Cross-Sector Collaboration in Reentry: Building an Infrastructure for Change

  • Organization: The Bronx Defenders
  • Author: McGregor Smyth
  • Document Type: Article/News
  • Date Created: Tuesday, September 04, 2007
  • Submitted: Tuesday, September 04, 2007
  • Attachment(s): PDF
(Click on "PDF" above for the document.)

McGregor Smyth, Cross-Sector Collaboration in Reentry: Building an Infrastructure for Change, 41 CLEARINGHOUSE REV. 245 (July-Aug. 2007)

The New York experience with Reentry Net offers a model for a state-based, locally-controlled support network and information clearinghouse on reentry that serves as a structure for change and improves advocacy in measurable ways.

Investment in an infrastructure for cross-sector collaboration is key to breaking the vicious cycle of poverty and crime. The criminal justice system is the institution with the single most pervasive impact on communities of poverty and of color, where interaction with the police and courts, as well as incarceration, has become commonplace. The more than 71 million people in the United States with histories of criminal justice involvement face tremendous legal and social barriers that often prevent them from securing jobs, finding stable housing, participating in civic life, and reuniting with their families. Indeed, the magnitude of this problem demands the attention of any organization claiming a social justice mission.

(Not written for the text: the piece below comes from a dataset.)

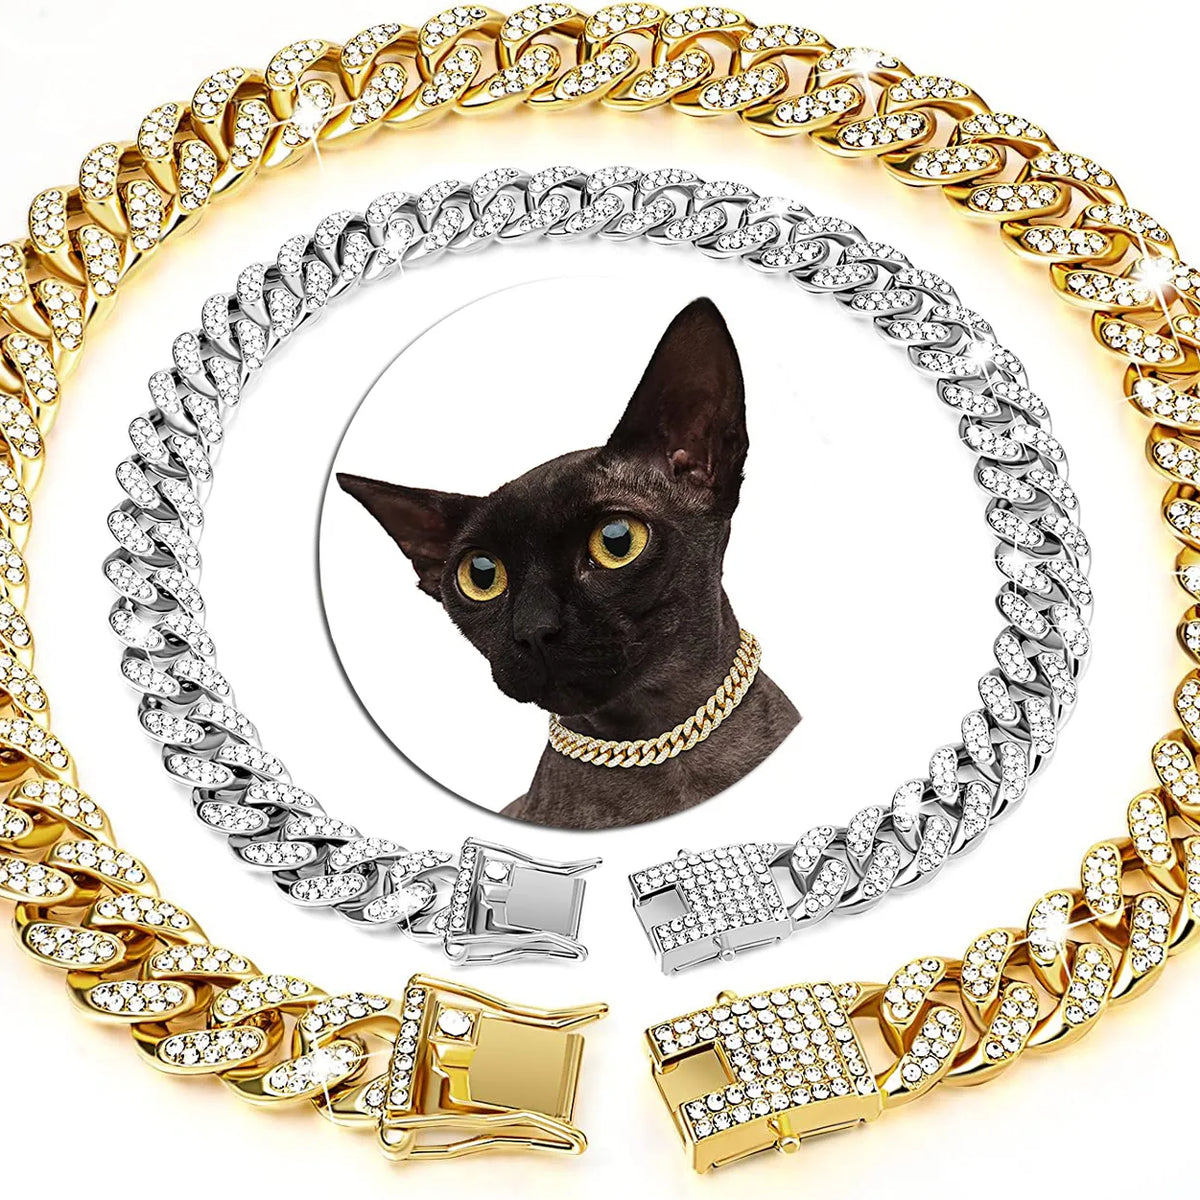 Elegance Unleashed: Luxury Rhinestone Necklace for Pets, Perfect for Wedding, Prom, or Costume Glam

The real solutions to these problems will only come with extensive systemic change through alleviation of poverty and racism, which are the true repeat offenders in our communities. Until we accomplish those goals, building an infrastructure to improve service delivery to the reentry community will reduce recidivism and government spending on incarceration, and fundamentally improve outcomes for everyone involved.